Chapel Hill Presbyterian Church in Gig Harbor knows more than a little bit about giving back. On Sunday, regular church services will be canceled so volunteers from the church can fan throughout the community to serve in a variety of areas.
The church has talked for a while about being a “church without walls” and decided it was time to get down to business.
Pastor Mark Toone said the church is hoping for 2,000 volunteers. At last Sunday’s services, several hundred more folks signed up.
“Our hope is that there would be people who would hear about this effort to reach out to our community in service and love, and sign up,” Toone said. “Folks who might not even call themselves Presbyterians or even Christians.”
All are welcome.
Everyone can do something, Toone said.
“To the person who says, ‘I’m not in,’ ” he said, “I would want to ask them — ‘why aren’t you in?’ ”
He added that caring for the poor, the disenfranchised and the forgotten part of our society mattered a great deal to Jesus Christ, and it should matter to us, as well.
Sheila Mischke, Director of Missions at Chapel Hill, said the church began this effort by gathering a group of about 30 people for a planning team. They went to the congregation and asked for help in targeting areas of need.
About eight weeks later, they came up with a list of 74 projects — and that’s where the hard work began.
On Sunday, Mischke said there will be “people on work sites with babies in backpacks and folks up to 90 years old” working side by side at various locations in Tacoma, Kitsap County, Gig Harbor and on Key Peninsula.
Beth Burgess was one of the volunteers to sign up, and she’ll be working with a team on a project through the Tacoma Rescue Mission. They will work alongside residents of Tyler Square on South Tyler Street in Tacoma.
Tyler Square is a transitional housing project. The volunteers’ goal is to build additional garden space.
“One garden has been built,” Burgess said, “but we want to build a large garden area, and the long-term goal is that residents will be able to grow their own food.”
They also hope to produce a bumper crop so they can donate food to local food banks, and possibly sell some to local farmers’ markets.
What Burgess thinks is special is that they aren’t just hoping to complete the garden project in a day. They hope to begin to build relationships with residents of Tyler Square.
Burgess, whose two children, ages 6 and 10, will be working along with her and her husband, said the residents will have an ownership in the garden. When they move from the transitional housing into their own homes, their experience may help them to work with others less fortunate, she said.
“We’re not just blowing in there and doing it for them as they watch,” Burgess said. “They have a vested interest in the garden and get to experience what it is like to come together as a community.”

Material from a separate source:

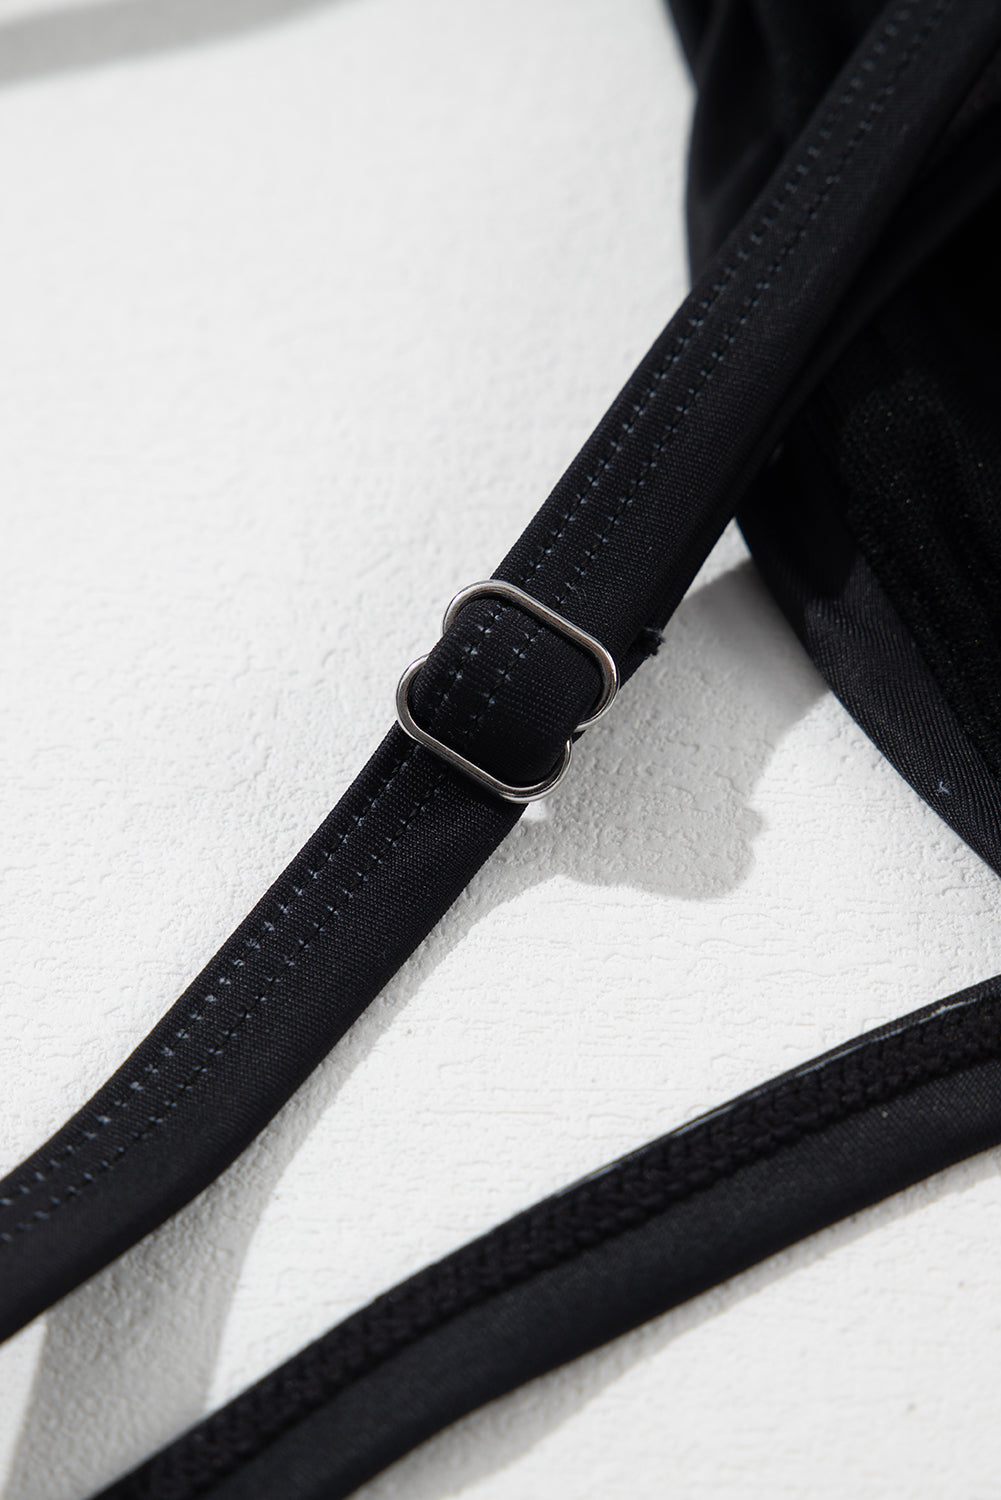 Black Petal Print Crisscross Back Spaghetti Straps Swimsuit

Volunteer coordinator Julie Newton couldn’t agree more.
Newton, who started attending Chapel Hill in January, said the church’s desire to move in this direction was one of the reasons she decided to become an active part of the congregation.
Jim and Jan Leigh plan to grab their paint brushes and head to the Burley area. Their group plans to paint the outside of a 110-year-old home, then paint the Burley Post Office.
“I’m excited about ‘Go Sunday,’ ” Jim said. “The whole concept about all of the projects is that it is a great way for our church to serve the community.”
Jim and Jan are retired and have honed their buildings skills through their work with Habitat for Humanity. They have traveled to the New Orleans area four times to help and couldn’t wait to get on board when the “Go Sunday” project was launched.
Toone said he isn’t surprised with the response from the folks at Chapel Hill.
“Our congregation has always had a heart for service and for reaching out to the community,” he said.
Toone said the congregation has been blessed with resources and facilities, but “there reaches a point where the congregation needs to decide, ‘Are we going to continue just to take, take, take, or learn what it means to give in more significant ways?’ ”
Chapel Hill has had an outreach program that works with the prison ministry, in local schools and internationally, but Toone said he’s pleased the congregation is rolling up their sleeves and “getting their fingernails dirty.”
Toone said the church has been like a teenager, sometimes taking more than its share.
“Like teenagers,” he said, “we were growing fast and consuming a lot, but there reaches a point in a congregation that we had to decide, ‘Do we continue to be clothed and fed like that, or do we turn into an adult and give ourselves away?’ ”
The church expects about 2,000 on Sunday.
“It has to be about clothing the naked and befriending the lonesome,” Toone said. “We can’t claim to be followers of Christ and not do what Christ said.”